PROVIDED DATA:
* * *

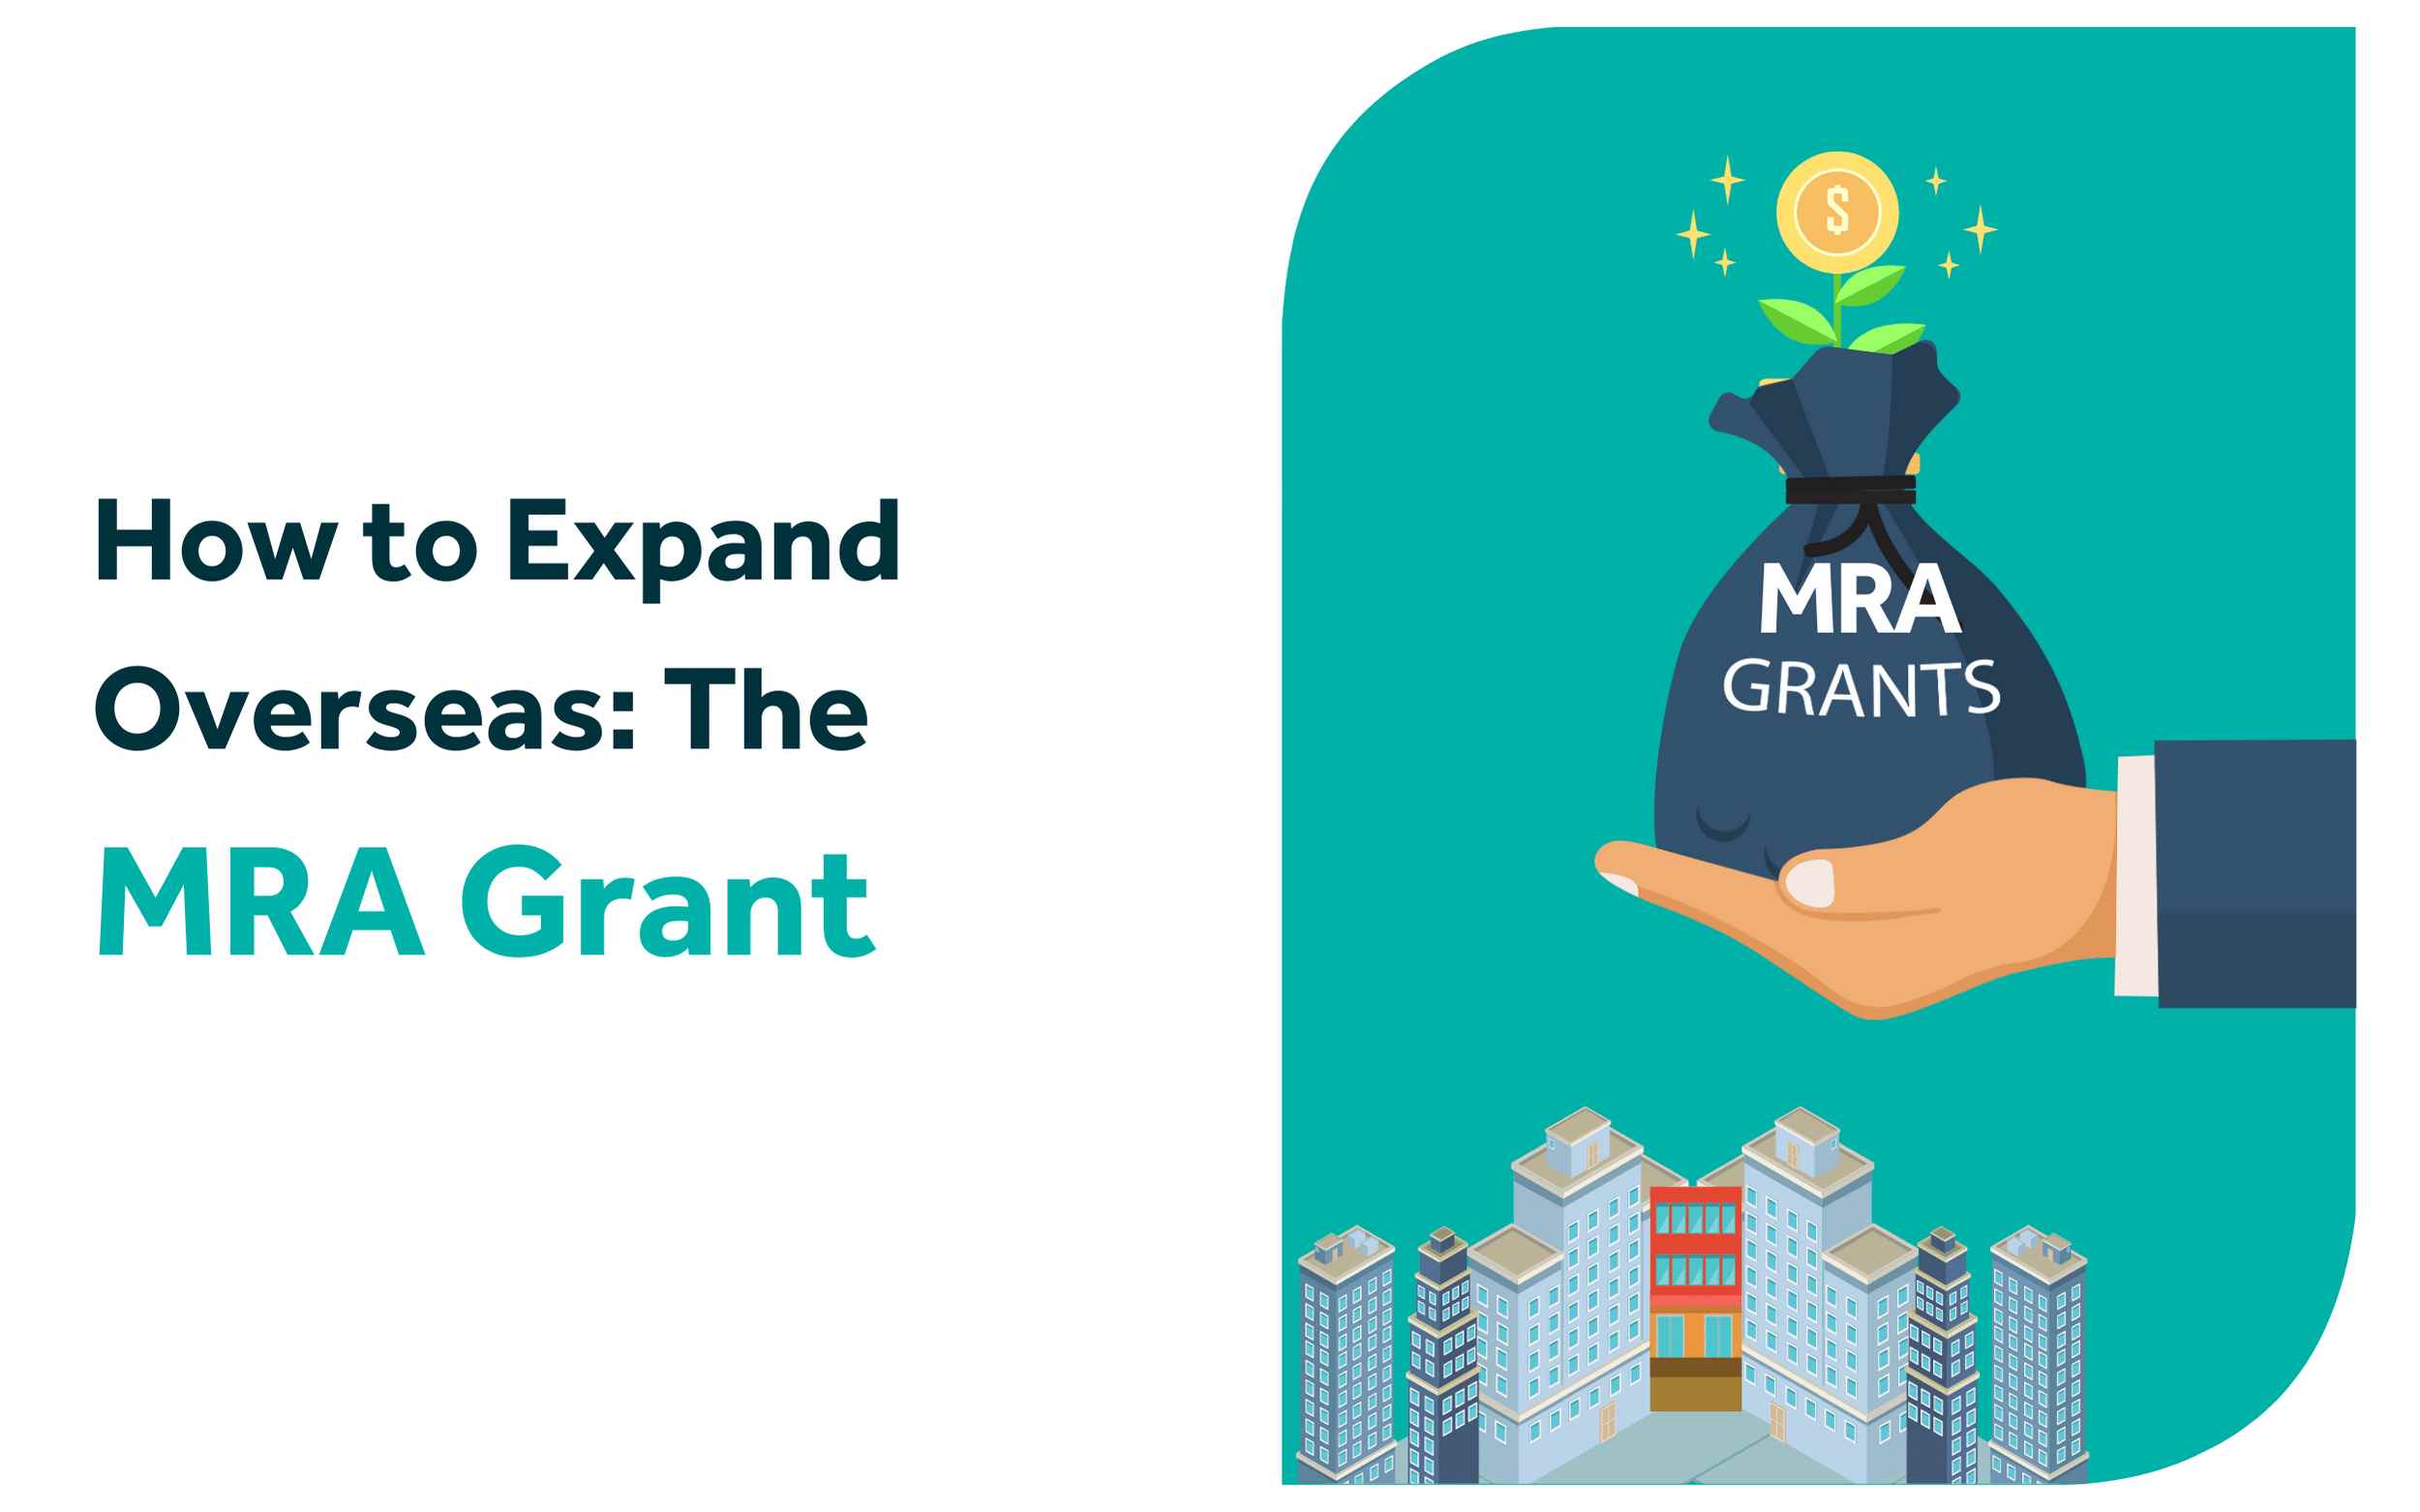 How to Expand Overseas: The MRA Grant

* * *

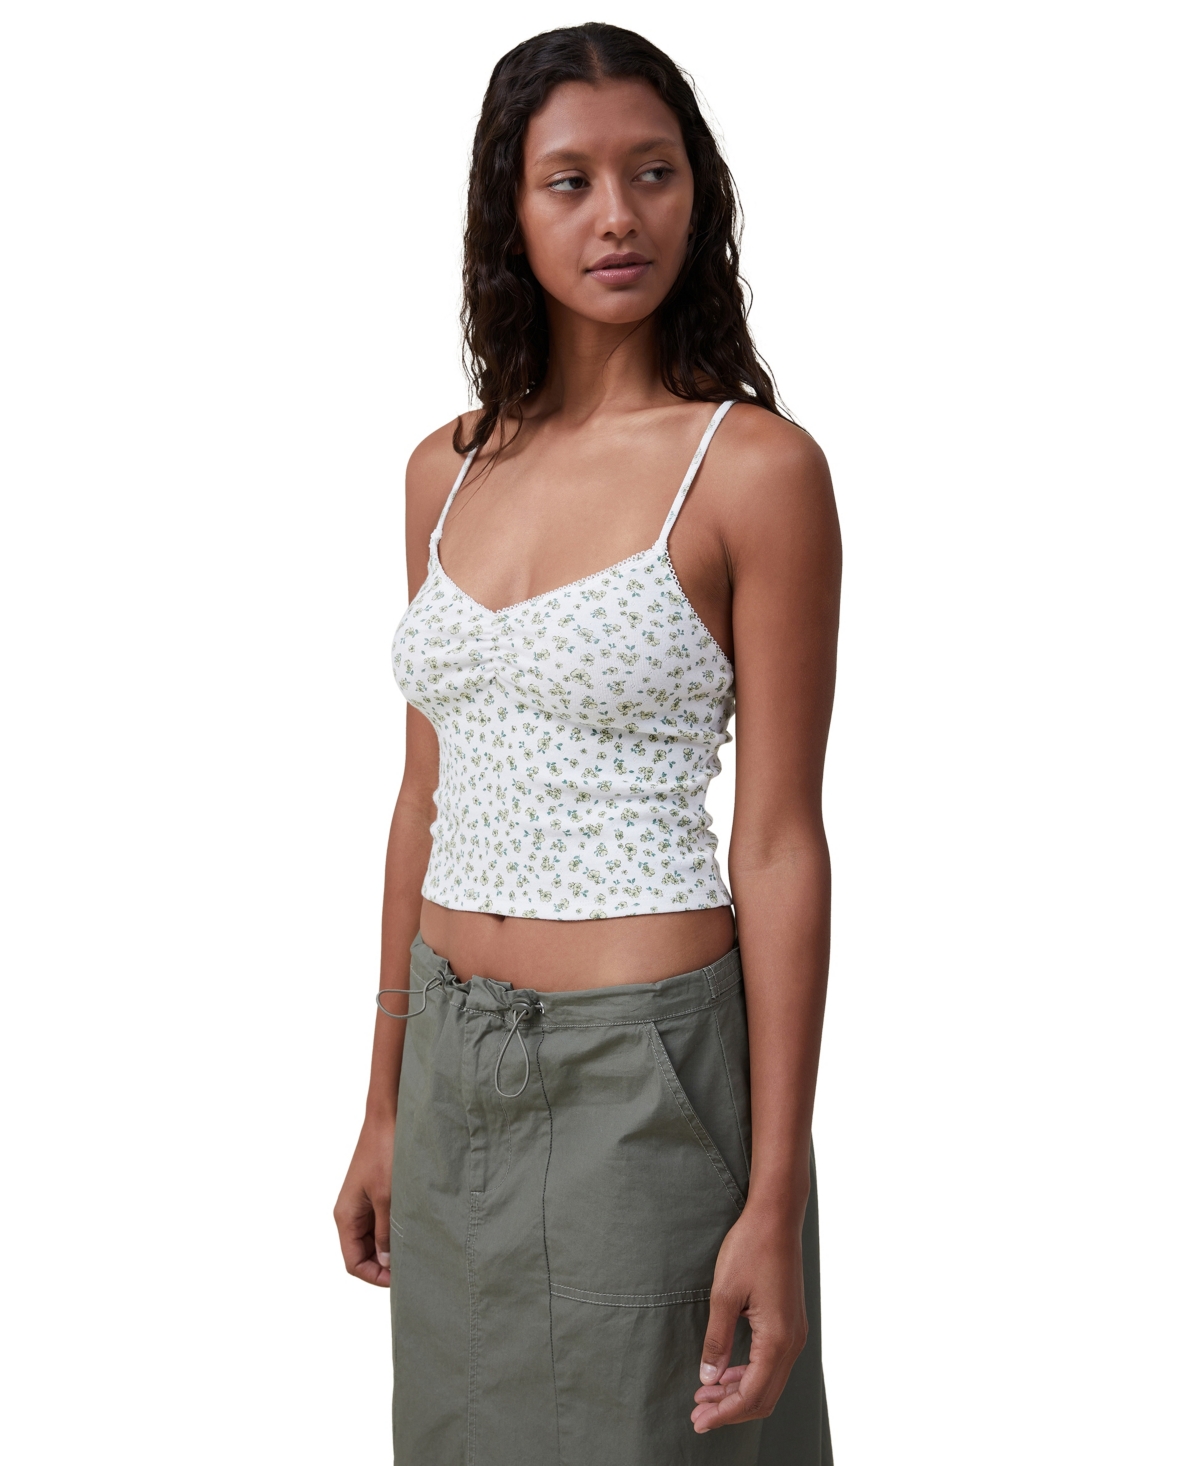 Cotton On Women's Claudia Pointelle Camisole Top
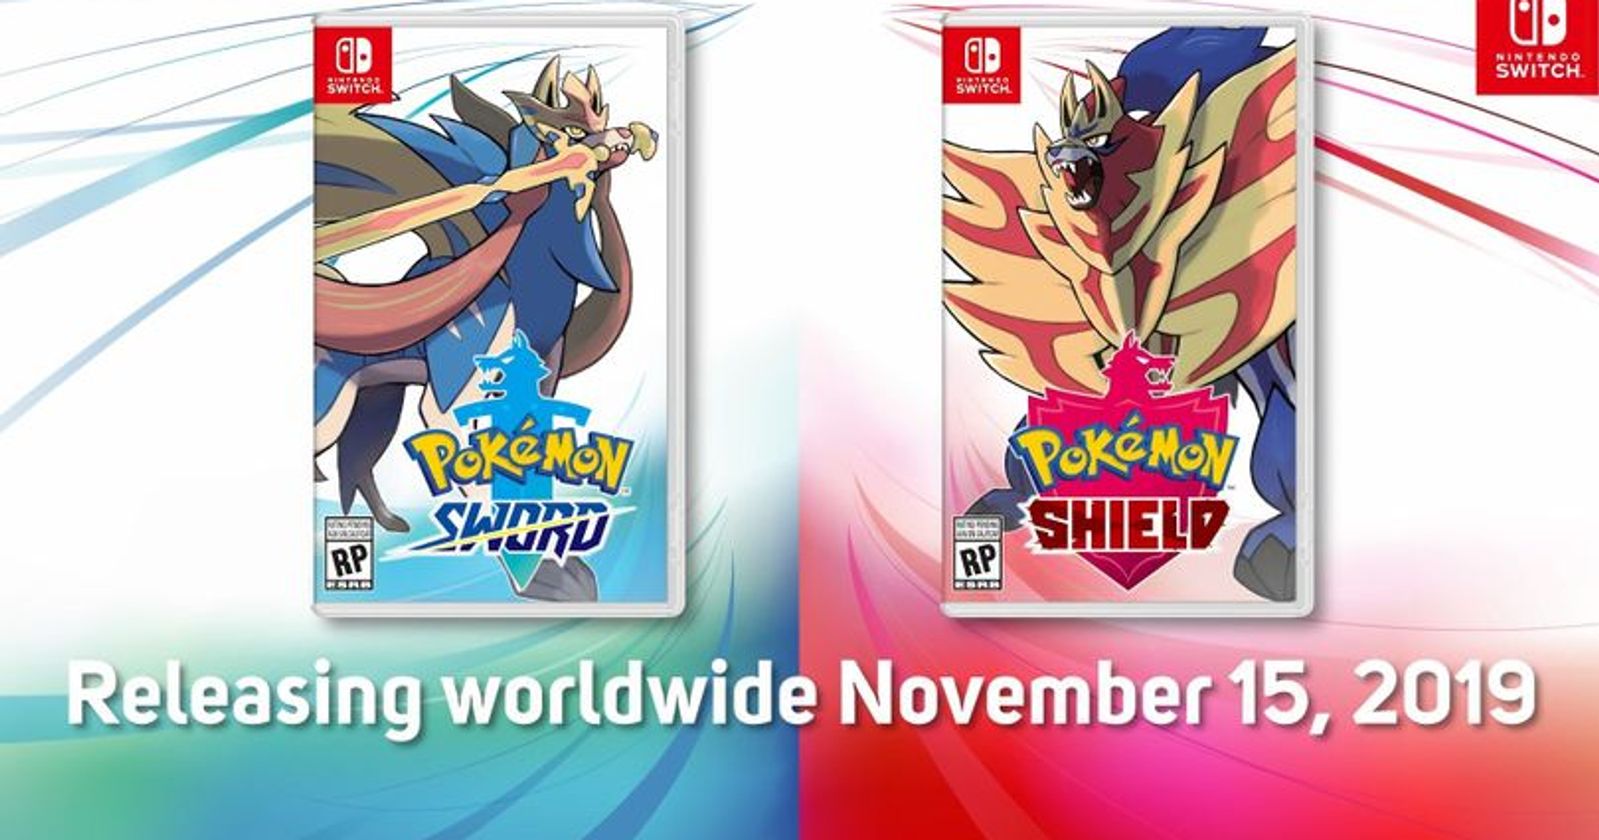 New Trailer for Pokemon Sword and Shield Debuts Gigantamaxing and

* * *

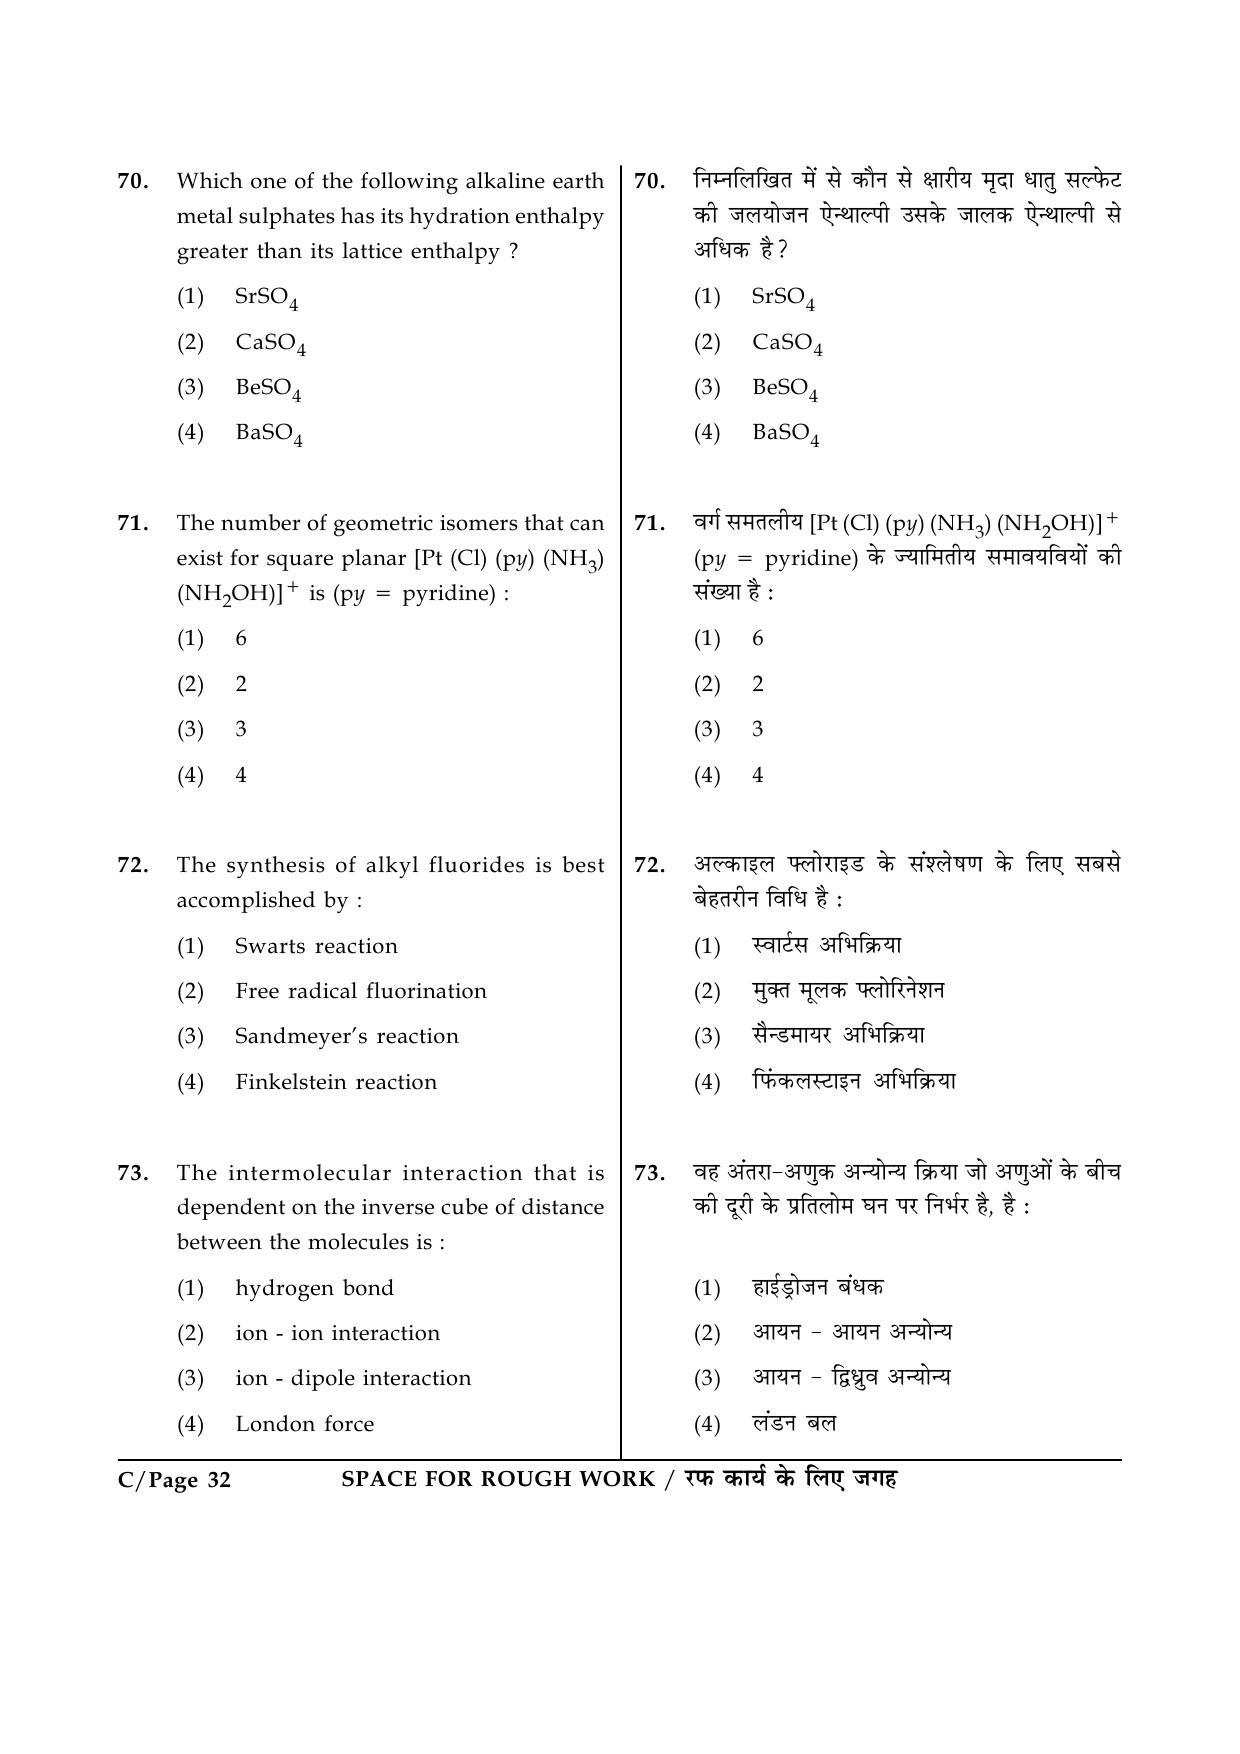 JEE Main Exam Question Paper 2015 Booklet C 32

* * *

WHAT TO PRODUCE: Starting with the line that has "Cotton On Women's" and going on through the line that has "New Trailer for", transcribe the records above exactly, but skip the pictures.

SOLVED PROBLEM:
 Cotton On Women's Claudia Pointelle Camisole Top
 New Trailer for Pokemon Sword and Shield Debuts Gigantamaxing and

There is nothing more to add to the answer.